The Health and Safety Executive (HSE) has shown itself to be well aware of these problems. It has issued detailed advice and guidance on the proper management of migrant workers’ health and safety. The HSE recognises that factors such as poor language skills and unfamiliarity with the workplace can magnify the effects of existing health and safety problems. It advises that migrant workers with better English should be asked to interpret for their less fluent colleagues. Internationally recognised signs, videos or audio materials can be used to communicate health and safety messages.

In general, tribunals and courts have expressly recognised the problems arising in relation to large numbers of workers with a limited grasp of English language, law and culture. Spokespersons for the HSE have repeatedly commented on the vulnerability of such employees in relation to health and safety.

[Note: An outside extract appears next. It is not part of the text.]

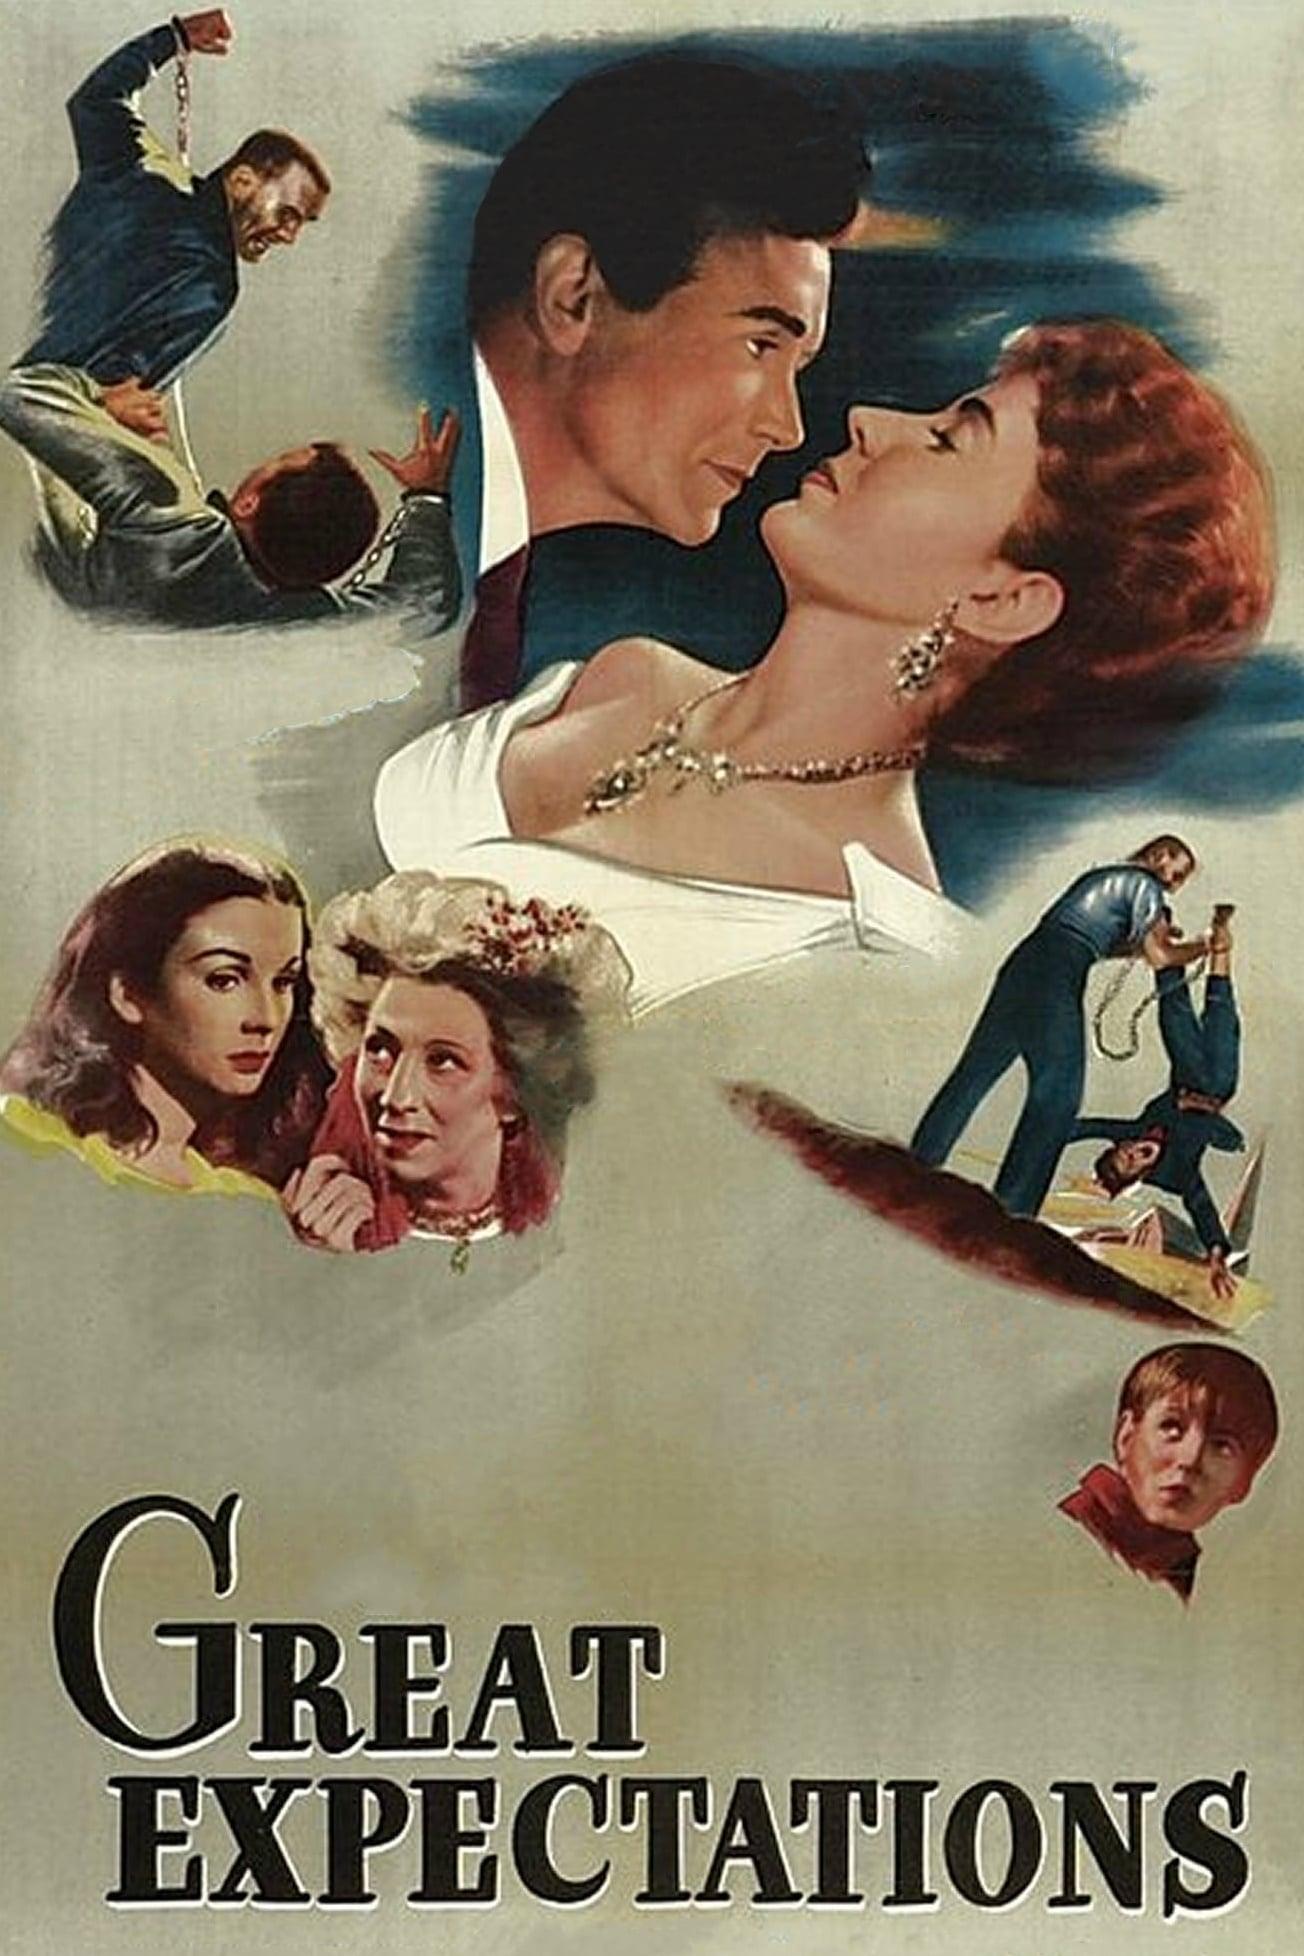 Great Expectations poster
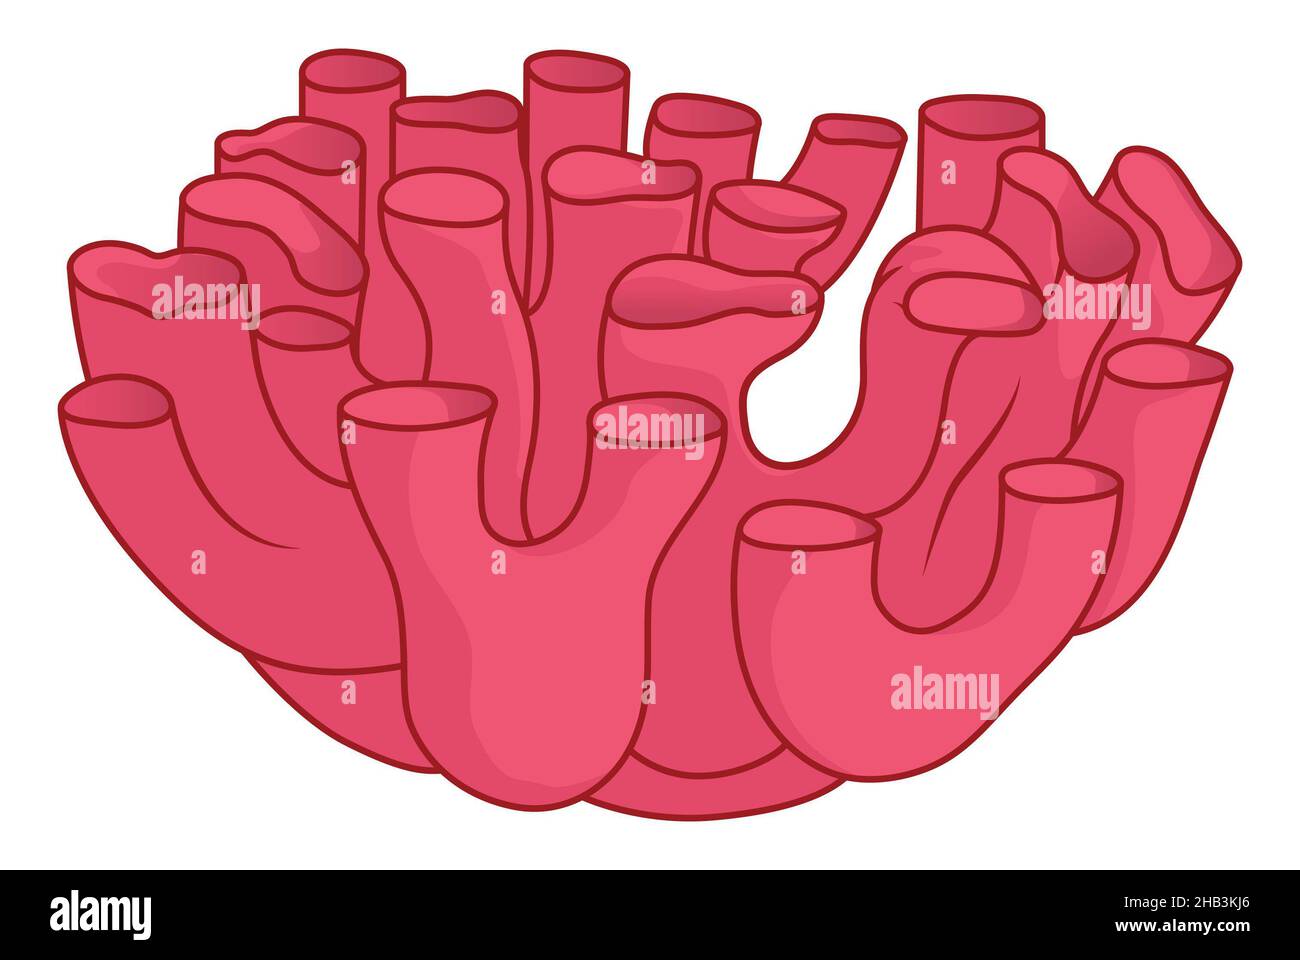 Smooth endoplasmic reticulum simple medical illustration note on tubular structures Stock Photo

The potential effect of Brexit on these issues is far from clear.

Previous cases involving migrant workers

An example of a prosecution involving migrant workers is that of Shah Nawaz Pola, who was fined and imprisoned in August 2007 following an incident in which a worker suffered life-threatening injuries on a construction site.

Pola had employed a number of migrant Slovakian workers to build an extension to a house in Bradford. He paid them each £30 a day in cash.

In November 2005, Dusan Dudi, one of the workers, fell from inadequately constructed scaffolding when the wall which he was demolishing collapsed on him. A concrete lintel struck him on the head. He suffered injuries which it was believed would be fatal.

However, when Dudi’s life support machine was switched off in hospital, he survived. He was left with severe disabilities and it is thought that he will never work again. He is ineligible for benefits in the UK and in Slovakia, where he now resides, needing constant care.

Pola had no experience of running a construction site. When he was told by an HSE inspector what needed to be done to protect the safety of workers, he replied that he did not care. Pola had made no concessions at all to health and safety. He had not written a risk assessment nor method statements. He had failed to provide welfare facilities, proper scaffolding, adequate fall guards or personal protective equipment for his workforce. A number of contractors had left the site because safety standards were so poor.

Pola was fined £90,000 and sentenced to prison for six months.